A Journey to Find Me

Thursday, March 30, 2006

Forgiveness....

When did forgiveness become so darn hard - to give and receive?

In the days of old people would have their knock down, drag out fights and would still be there for each other and have each other's back. One would offer forgiveness and the other would graciously accept...or at least that's the way I understand the system to work.

Nowadays, if you piss me off one time, I'm out to get you.

Before I become guilty of being the pot calling the kettle black, I must admit that I'm a vengeful person. If you hurt me, I've got to hurt you back....and I have to hurt you worse than you hurt me. That's just the way it goes. Now if you keep on hurting me and keep on stepping on my trust and friendship and all that other good stuff, I become cold and hard hearted toward you. You may never know it, but I'm plotting your demise...lol.

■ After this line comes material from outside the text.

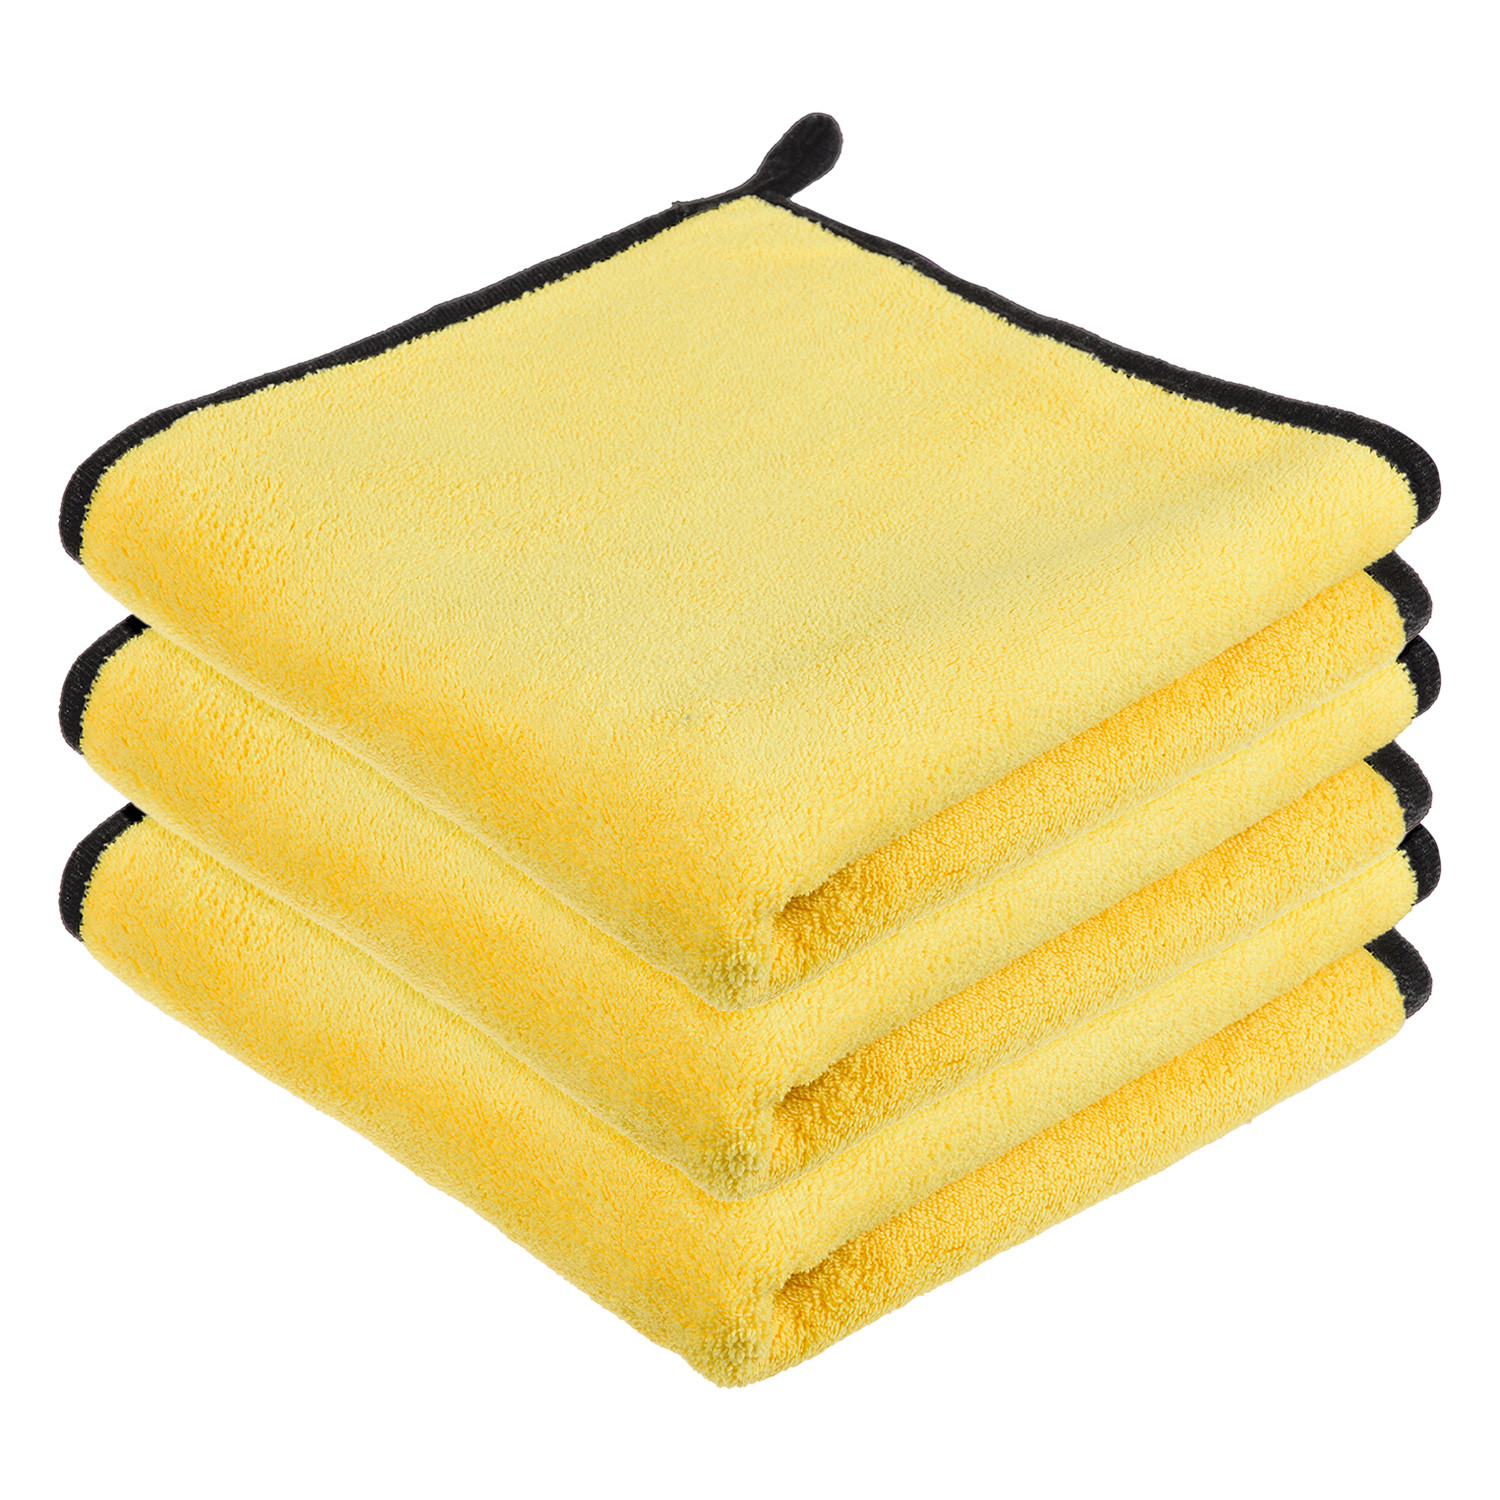 Kuber Industries Cleaning Towel|Microfiber Reusable Cloths|Highly Absorbent Washable Towel for Kitchen With Hanging Loop|Car|Window|40x40 Cm|Yellow
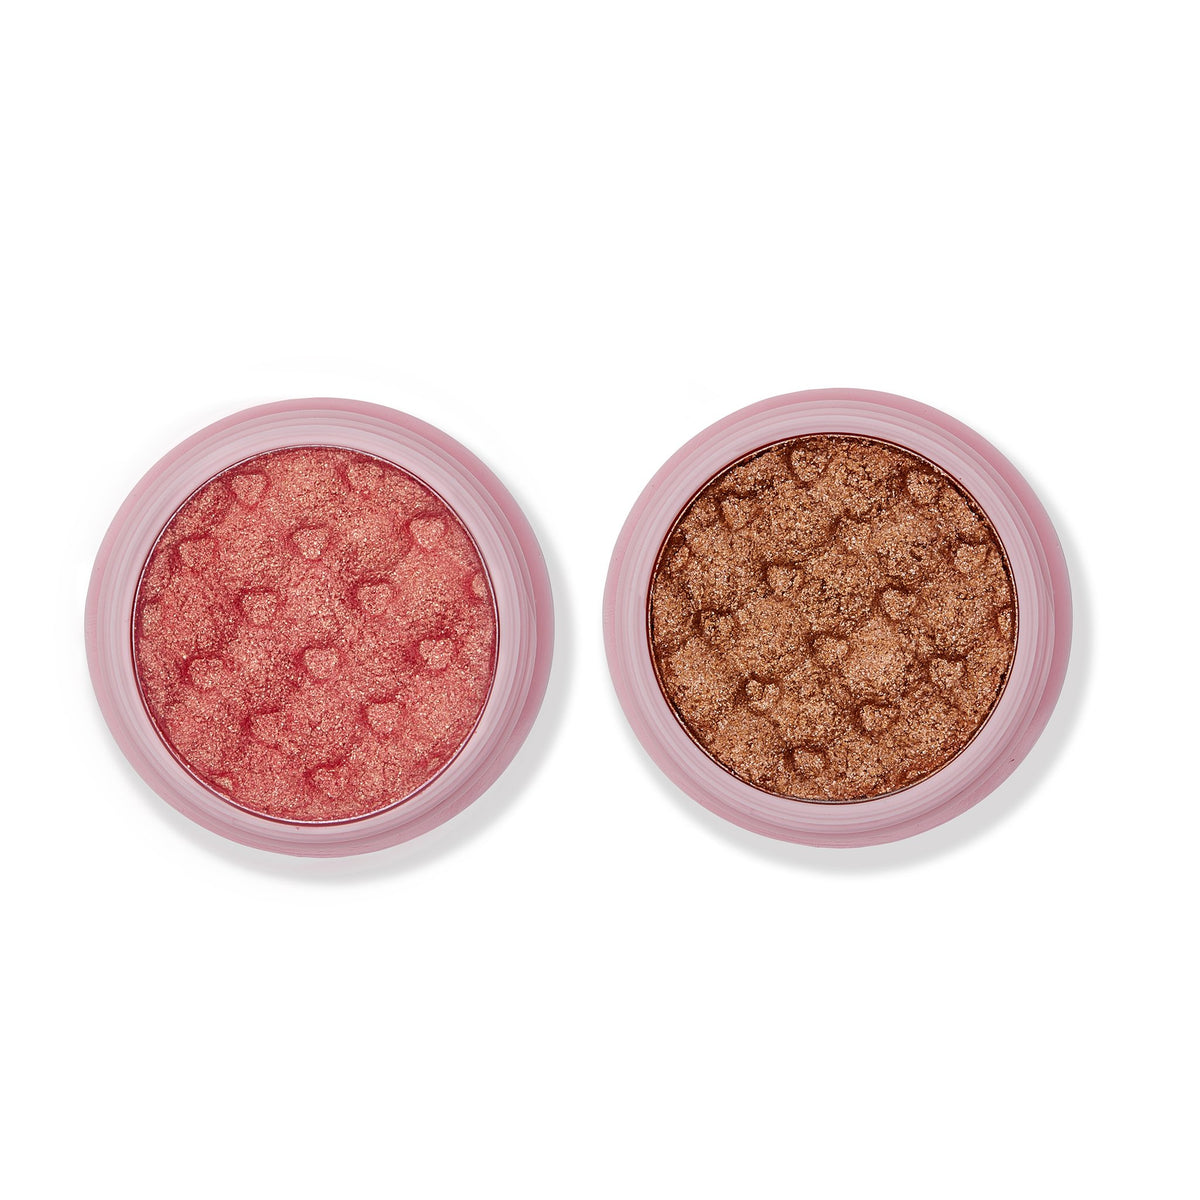 Glimmer Shadow Duo Set - Ace Beaute - YouFomMe

No seriously, we are quick to tell someone who has hurt us that we forgive them, but in reality we're still reminded of that hurt daily and sometimes by the hour. I know that forgiveness is a process, but when does it start? And how can it start? What's the foundation for forgiveness? I'm asking questions here but I have no answers.

You can only fake it so long, in any relationship or friendship, before it manifests itself in some kind of wicked way.

I suppose that it is different for every person and in every situation and I'll find out my answers by walking out the roads of my existence.